Many corresponded with Wade and members of his family, as well as representatives of the MCS, in an attempt to gain supplies they desperately needed. They also sought to have the Wade family pay them what they were owed for three years' work - an estimated $100,000. They were met mostly with silence; in one letter the Wade family told them their board and court expenses had been charged to the money they were owed, and that in fact they were in debt to the family. The letters from the African Americans reported the high fatalities their group suffered, with many dying in the first year or so of "African fever." Neither the Wade family nor the ACS ever followed through on their obligations to the settlers; no university in Liberia was endowed or established from Ross' funds.

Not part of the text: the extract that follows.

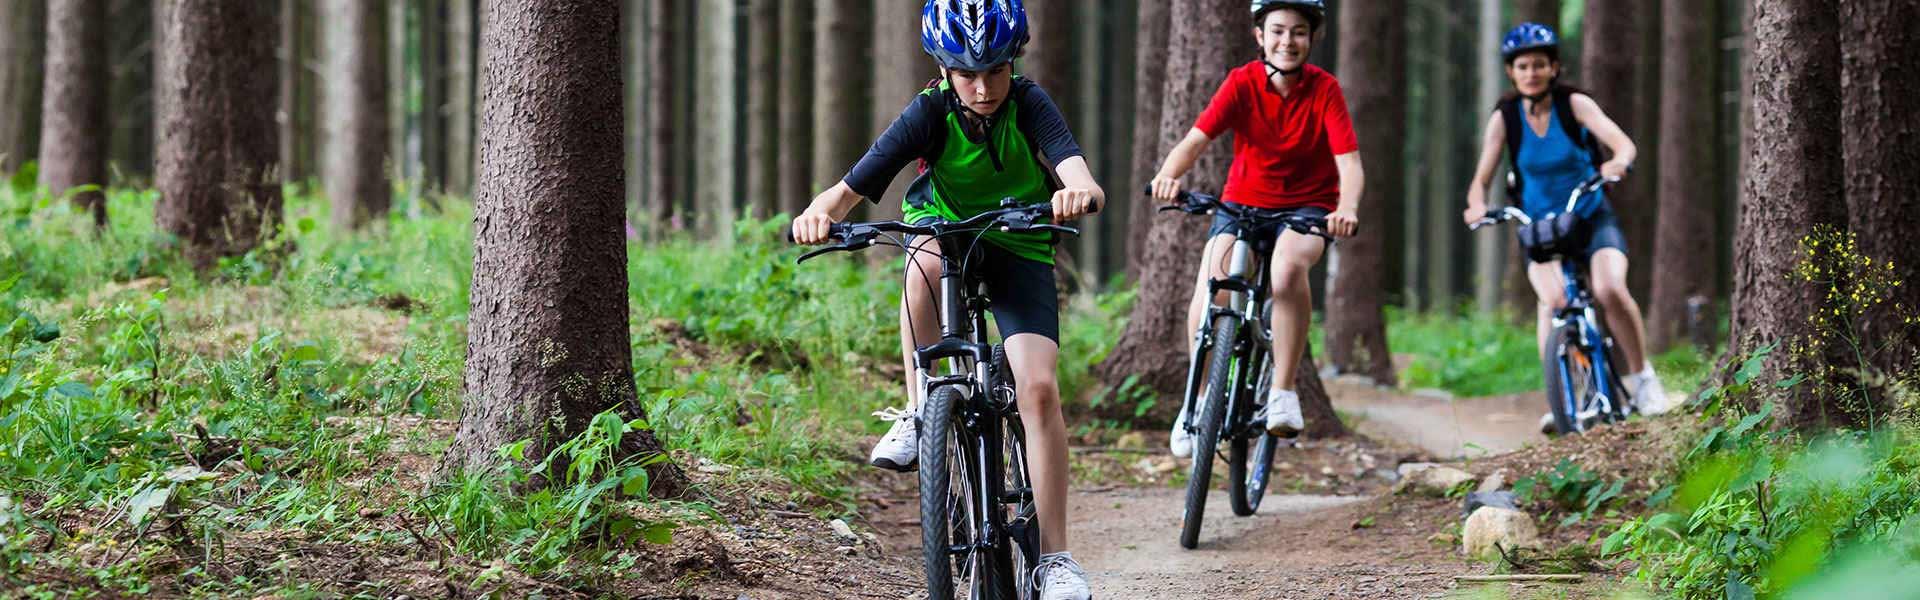 family-bike-ride-1
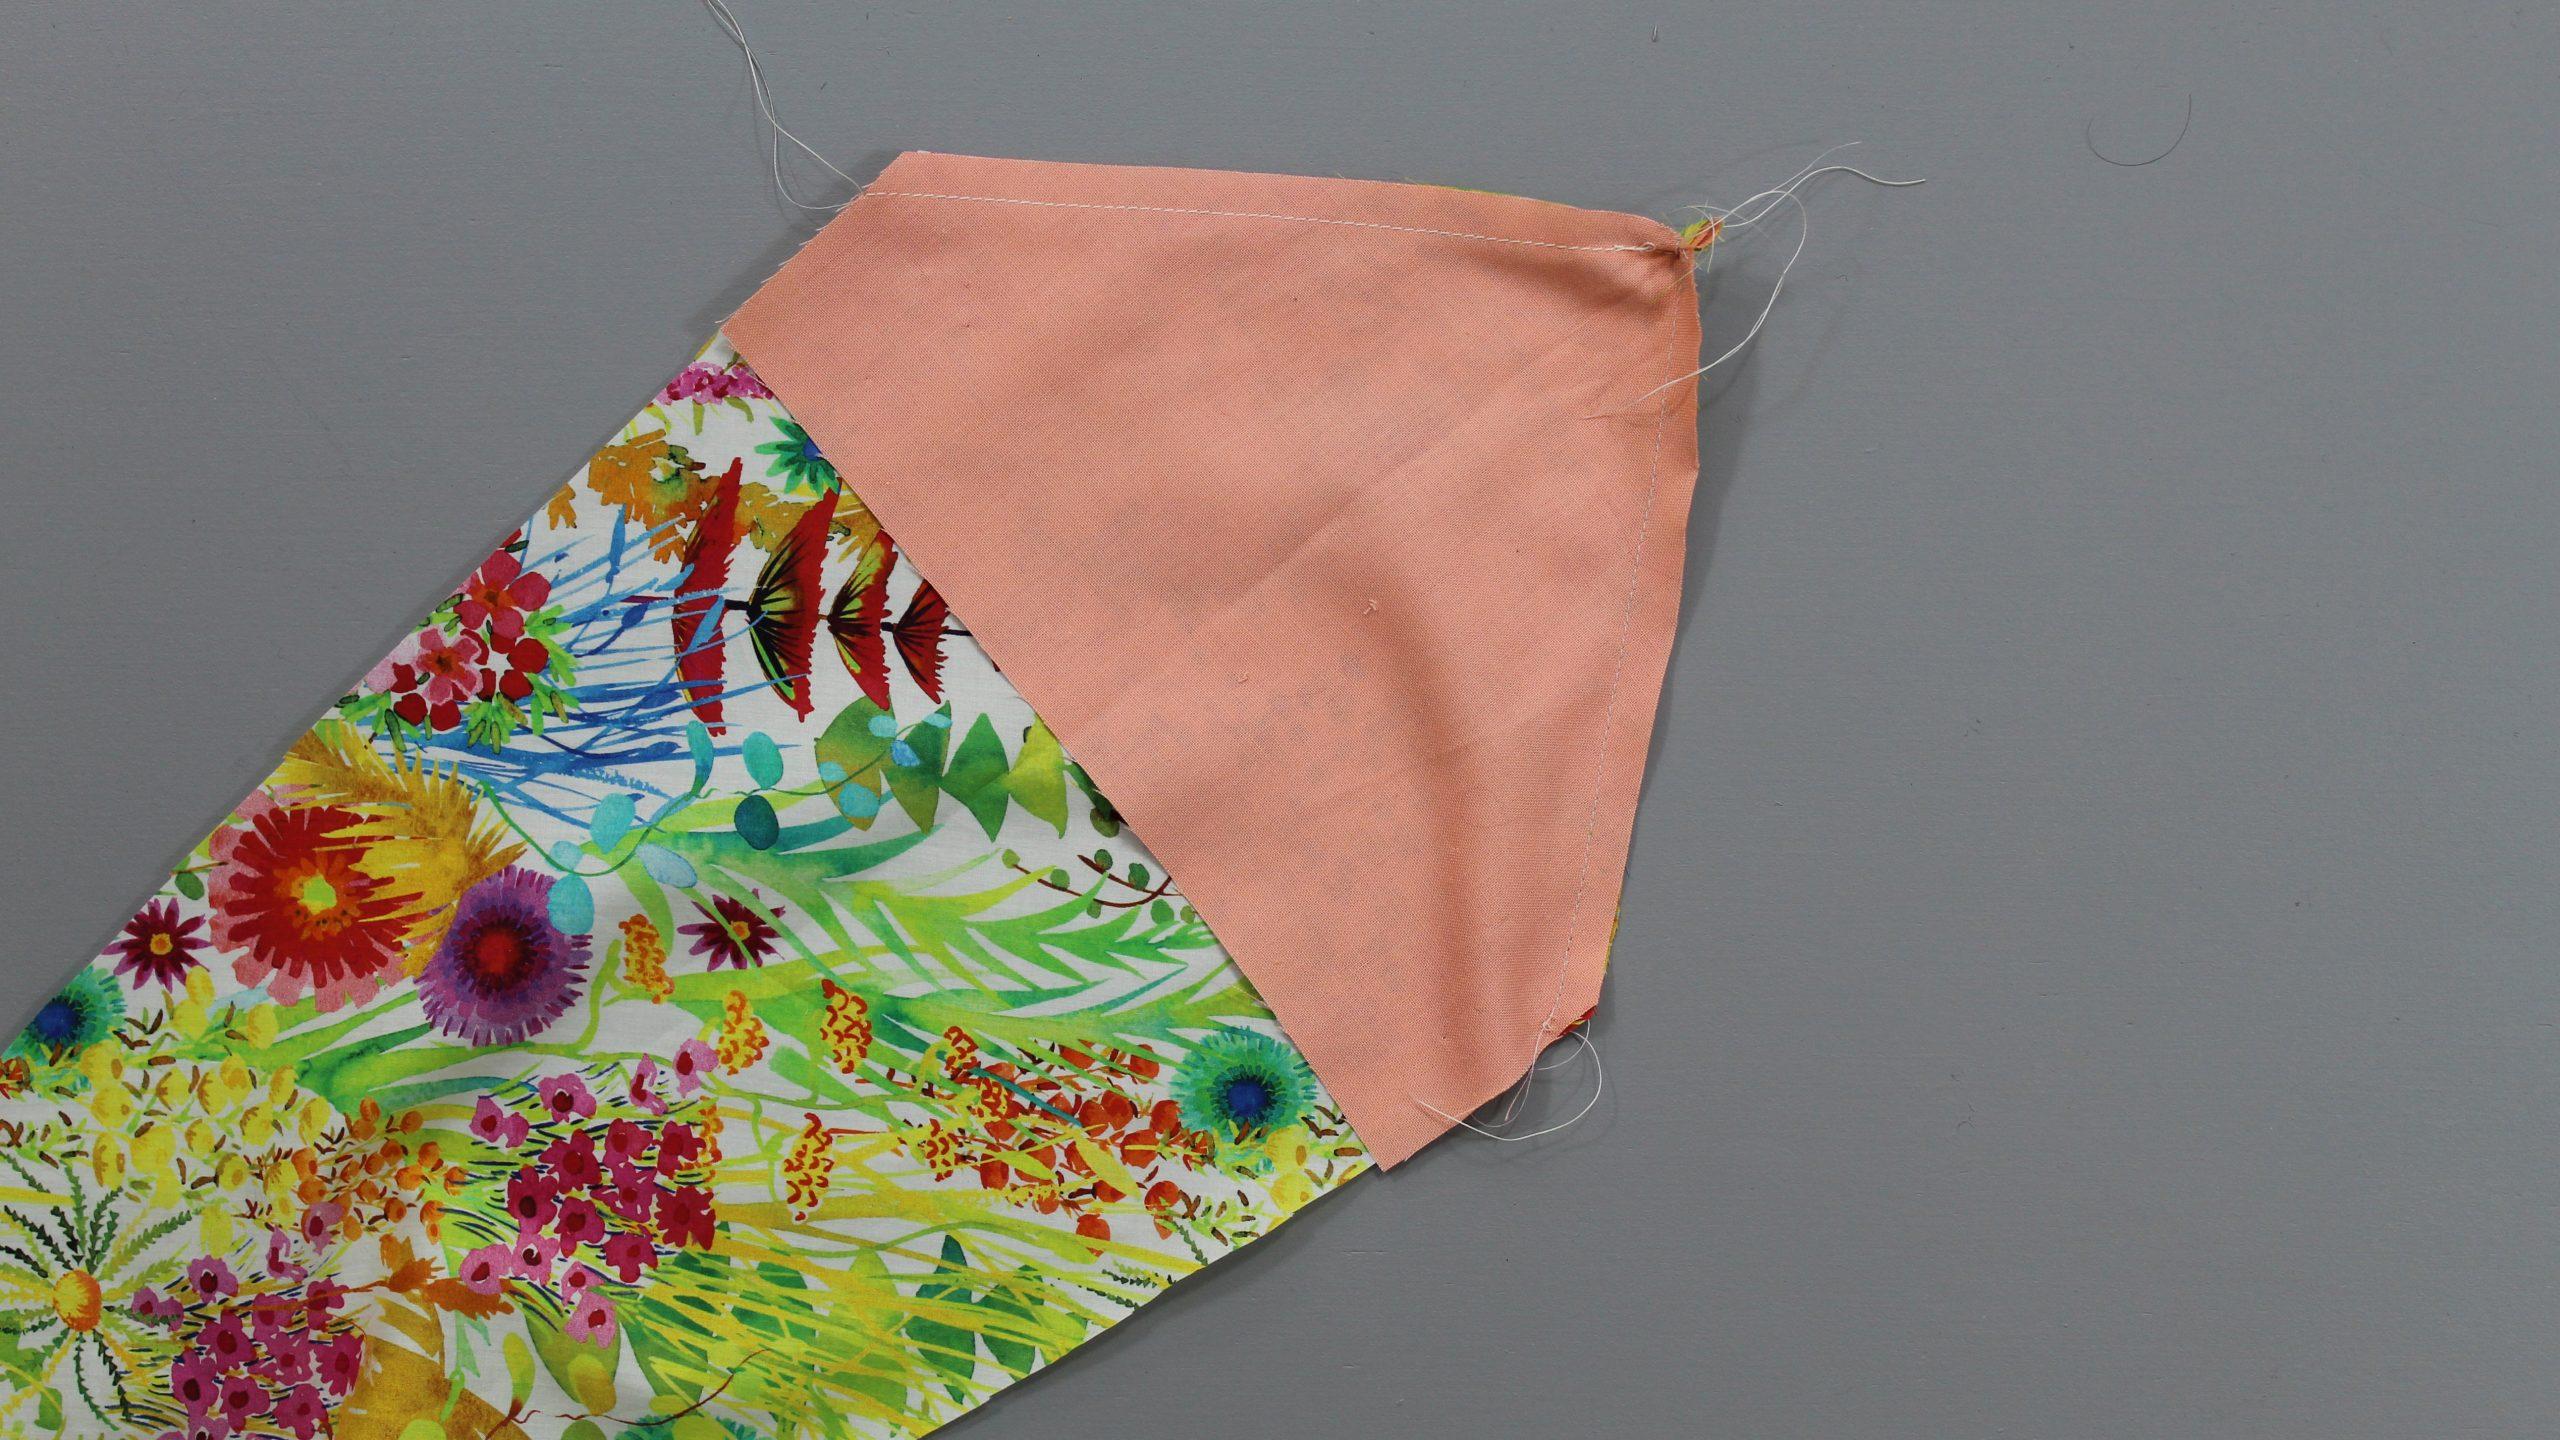 Stitch bottom of tie

In Mississippi in Africa: The Saga of the Slaves of Prospect Hill Plantation and Their Legacy in Liberia Today (revised edition, 2010), author Alan Huffman argues that tensions introduced by the development of this colony (and the larger influence of Americo-Liberians in the country) created longstanding resentments among the indigenous tribesmen. In addition, the Americo-Liberians repressed the native peoples and assumed their own superiority, in a colonial manner. They created a society with inequities that Huffman believes strongly contributed to the First Liberian Civil War of 1989-1996 more than a century later, and to the Second Liberian Civil War of 1999–2003. Because the Americo-Liberians dominated the country politically and economically into the 20th century, suppressing the native tribes, there was great resentment against them among the indigenous peoples. The Americo-Liberians treated the native tribes as inferior to them, much as they had been treated by whites in the United States.